Updates released on Wednesday by the Internet Systems Consortium (ISC) for the DNS software BIND patch four high severity, remotely exploitable denial-of-service (DoS) vulnerabilities.
Exploiting the flaws can cause the BIND name server (named) process to encounter an assertion failure and stop executing, resulting in a DoS condition for clients. ISC has provided the following description for the vulnerabilities:
- CVE-2016-9778: An error in handling certain queries can cause an assertion failure when a server is using the nxdomain-redirect feature to cover a zone for which it is also providing authoritative service. A vulnerable server could be intentionally stopped by an attacker if it was using a configuration that met the criteria for the vulnerability and if the attacker could cause it to accept a query that possessed the required attributes.
- CVE-2016-9147: Depending on the type of query and the EDNS options in the query they receive, DNSSEC-enabled authoritative servers are expected to include RRSIG and other RRsets in their responses to recursive servers. DNSSEC-validating servers will also make specific queries for DS and other RRsets.
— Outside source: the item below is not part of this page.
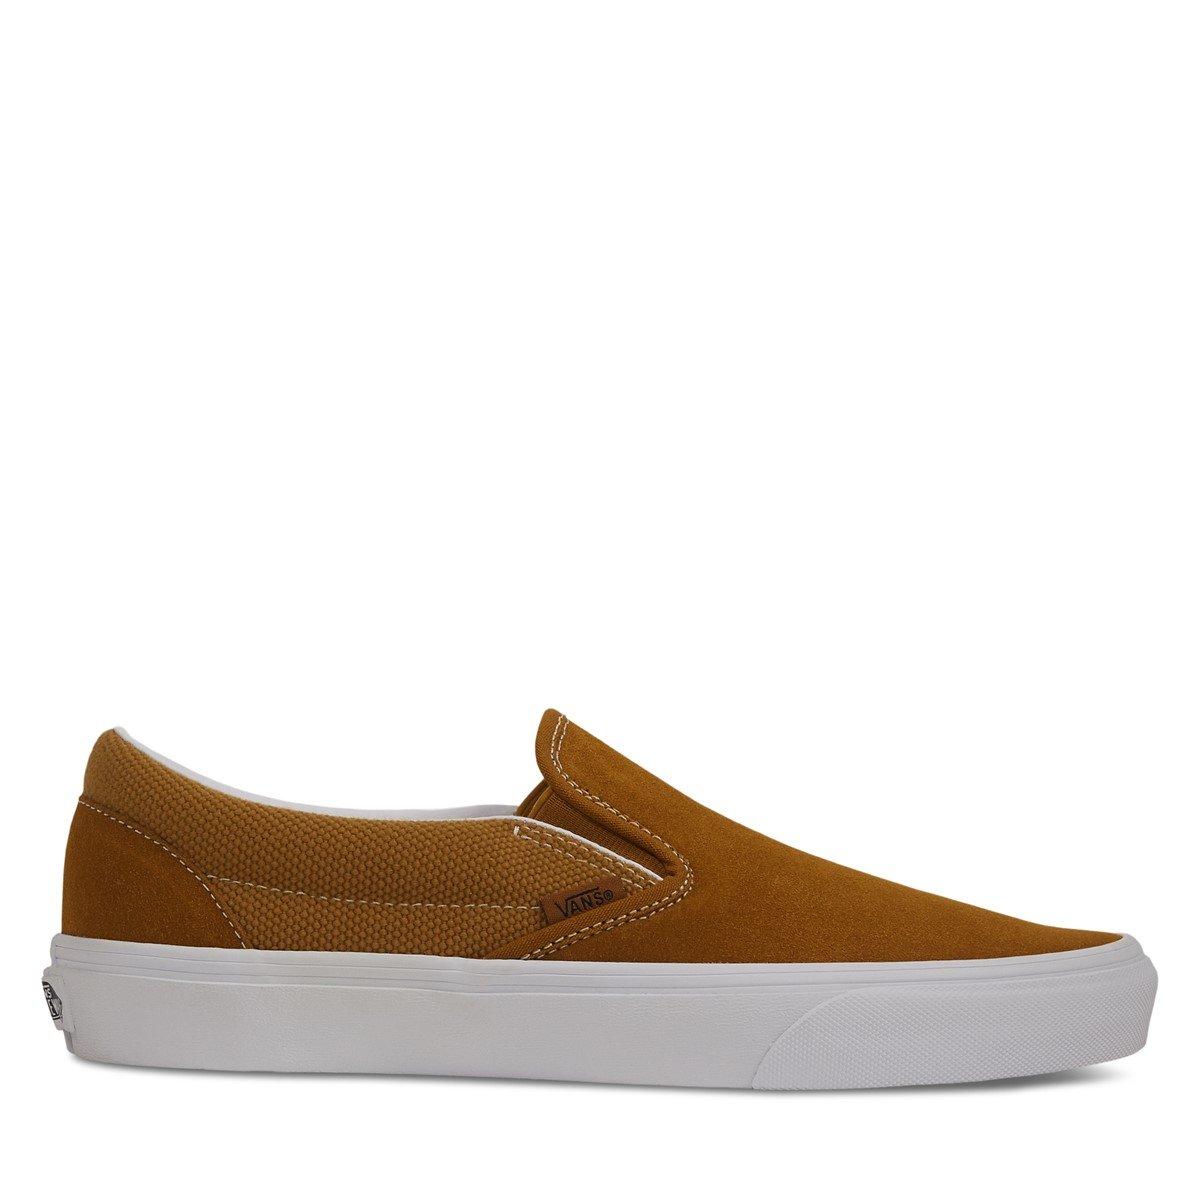 Men's Heavy Textures Slip-On Sneakers in Golden Brown

Whether DNSSEC-validating or not, an error in processing malformed query responses that contain DNSSEC-related RRsets that are inconsistent with other RRsets in the same query response can trigger an assertion failure. Although the combination of properties which triggers the assertion should not occur in normal traffic, it is potentially possible for the assertion to be triggered deliberately by an attacker sending a specially-constructed answer.
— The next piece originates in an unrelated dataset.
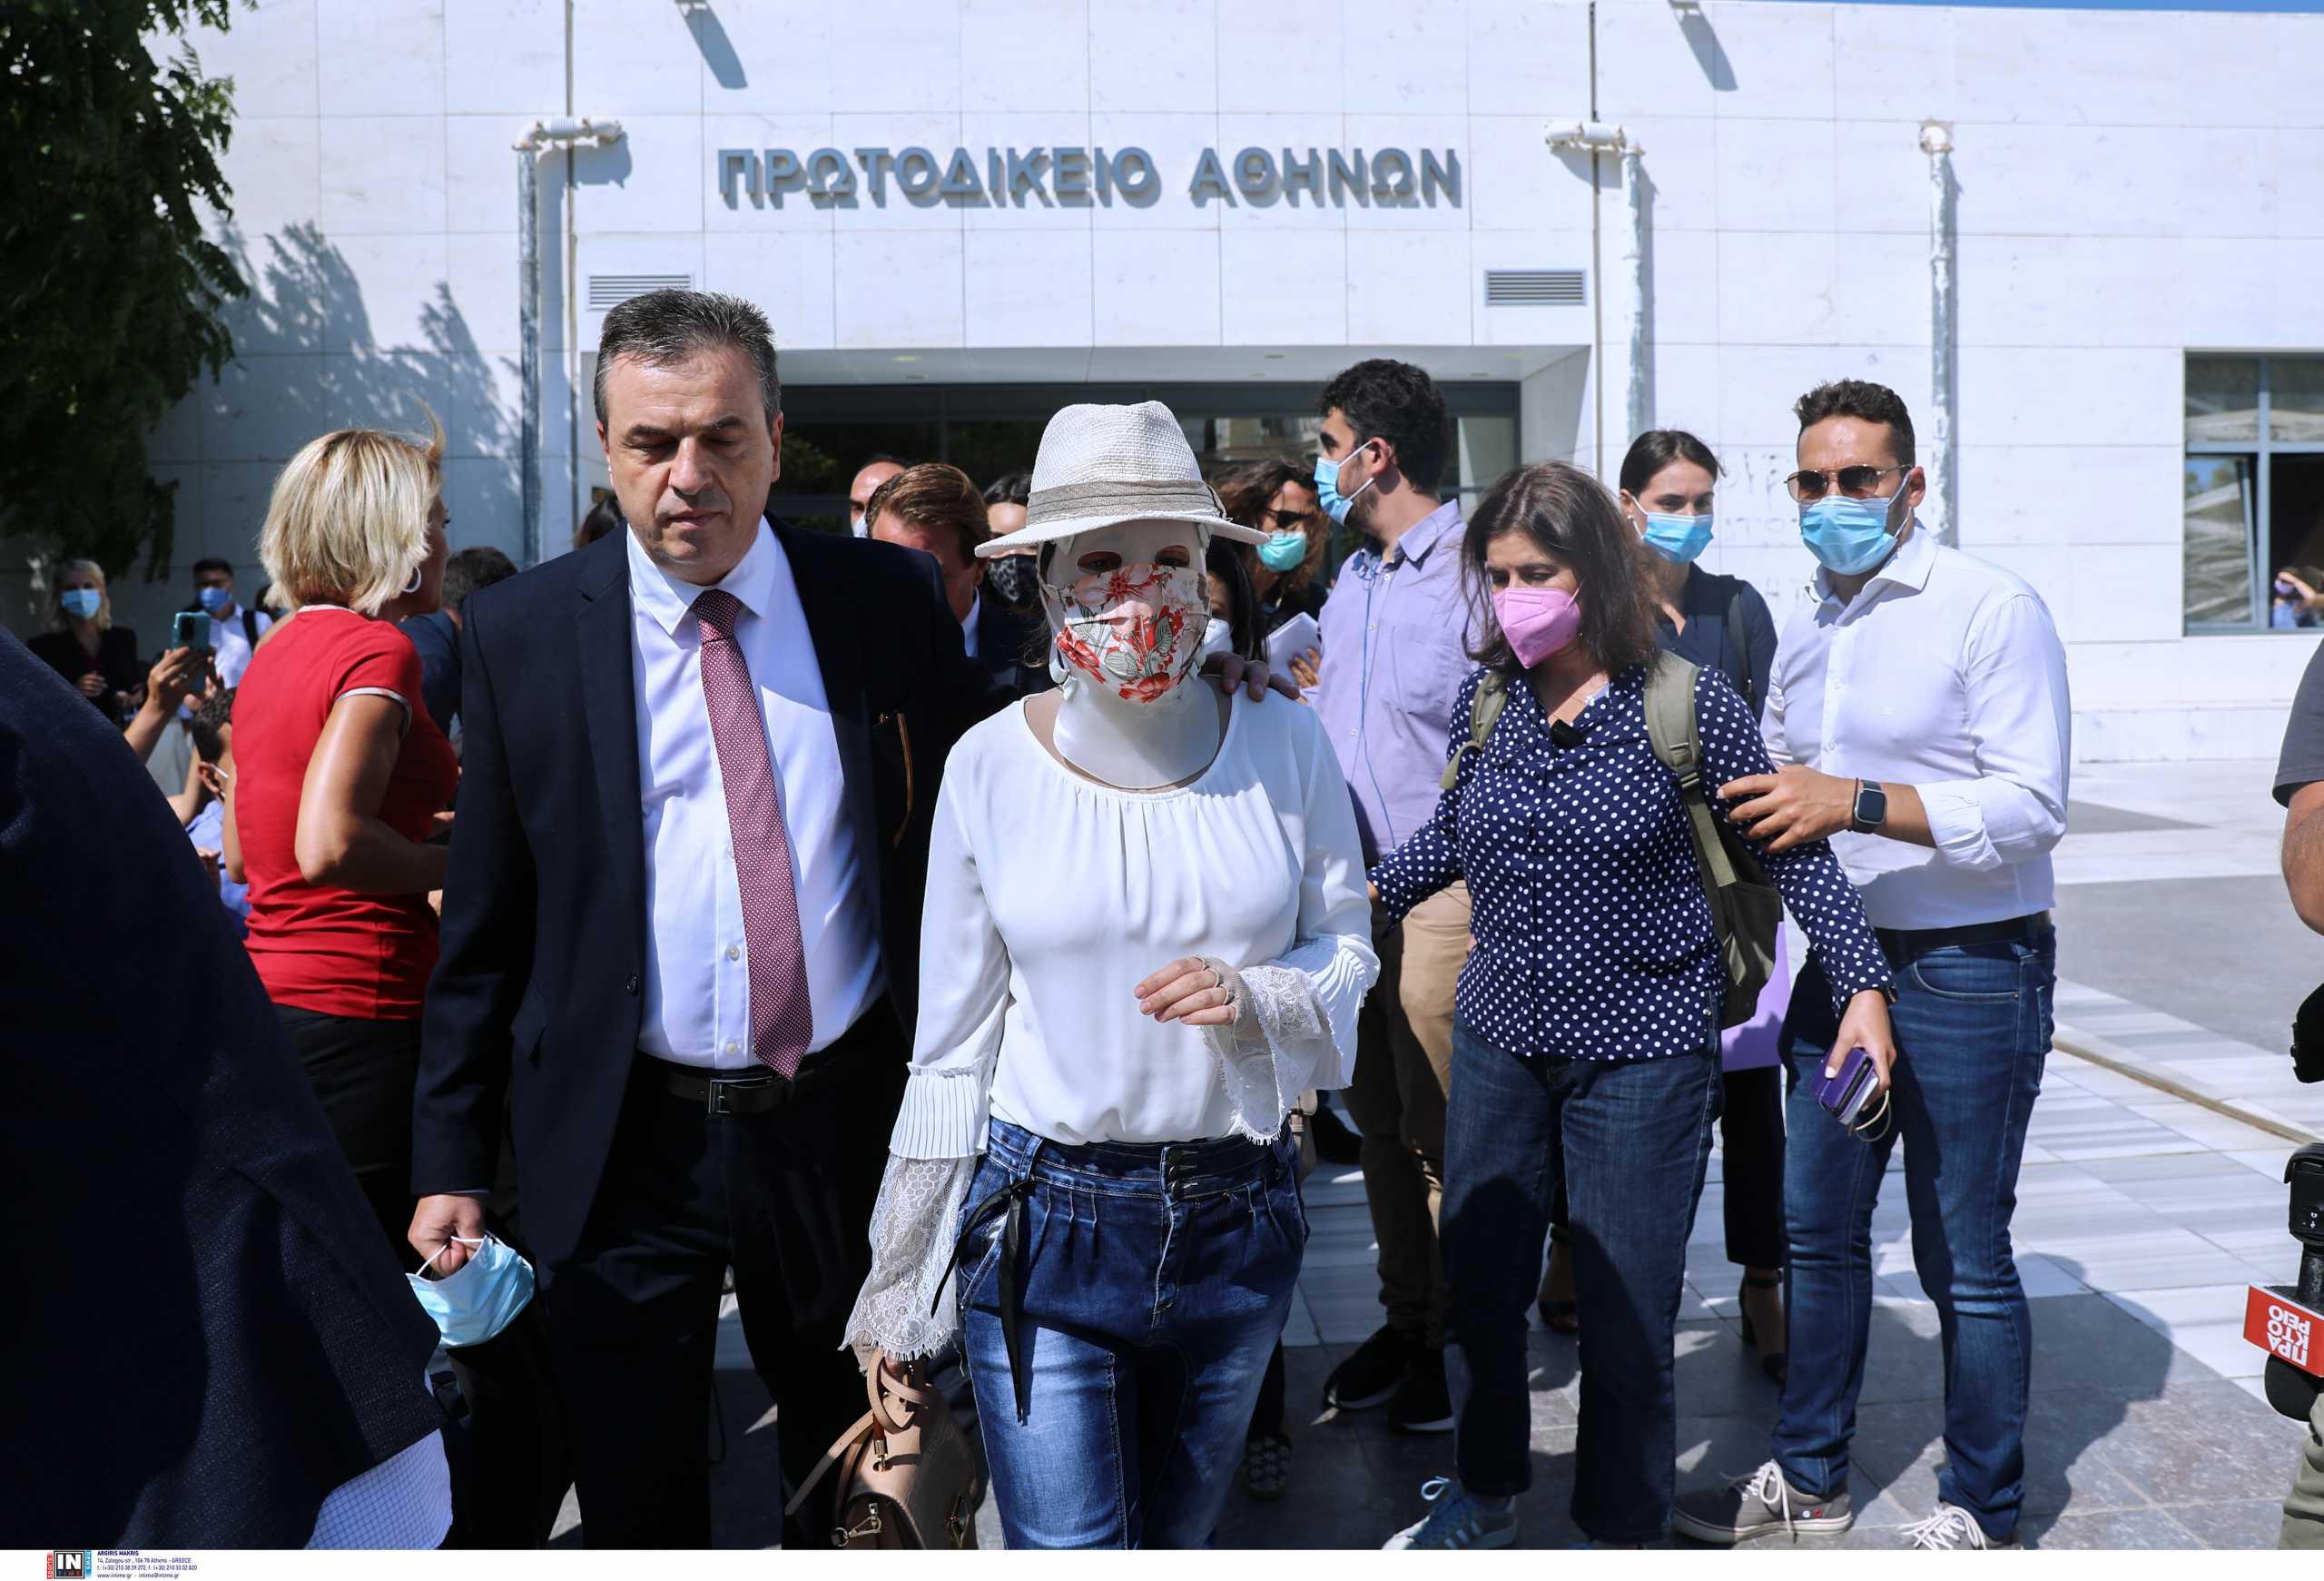 Ιωάννα Παλιοσπύρου – Δίκη για επίθεση με βιτριόλι: Ενδείξεις για ακόμη δύο πρόσωπα

- CVE-2016-9131: A malformed query response received by a recursive server in response to a query of RTYPE ANY could trigger an assertion failure while named is attempting to add the RRs in the query response to the cache. While the combination of properties which triggers the assertion should not occur in normal traffic, it is potentially possible for the assertion to be triggered deliberately by an attacker sending a specially-constructed answer having the required properties, after having engineered a scenario whereby an ANY query is sent to the recursive server for the target QNAME. A recursive server will itself only send a query of type ANY if it receives a client query of type ANY for a QNAME for which it has no RRsets at all in cache, otherwise it will respond to the client with the the RRsets that it has available.
- CVE-2016-9444: An unusually-formed answer containing a DS resource record could trigger an assertion failure. While the combination of properties which triggers the assertion should not occur in normal traffic, it is potentially possible for the assertion to be triggered deliberately by an attacker sending a specially-constructed answer having the required properties.
CVE-2016-9444, CVE-2016-9147 and CVE-2016-9131 pose a risk mainly to recursive servers, and CVE-2016-9778 affects only certain configurations. The vulnerabilities have been patched with the release of BIND versions 9.9.9-P5, 9.10.4-P5, 9.11.0-P2 and 9.9.9-S7.
ISC said it was not aware of active exploits for any of these vulnerabilities. The organization sent out advance notifications for these flaws on January 3.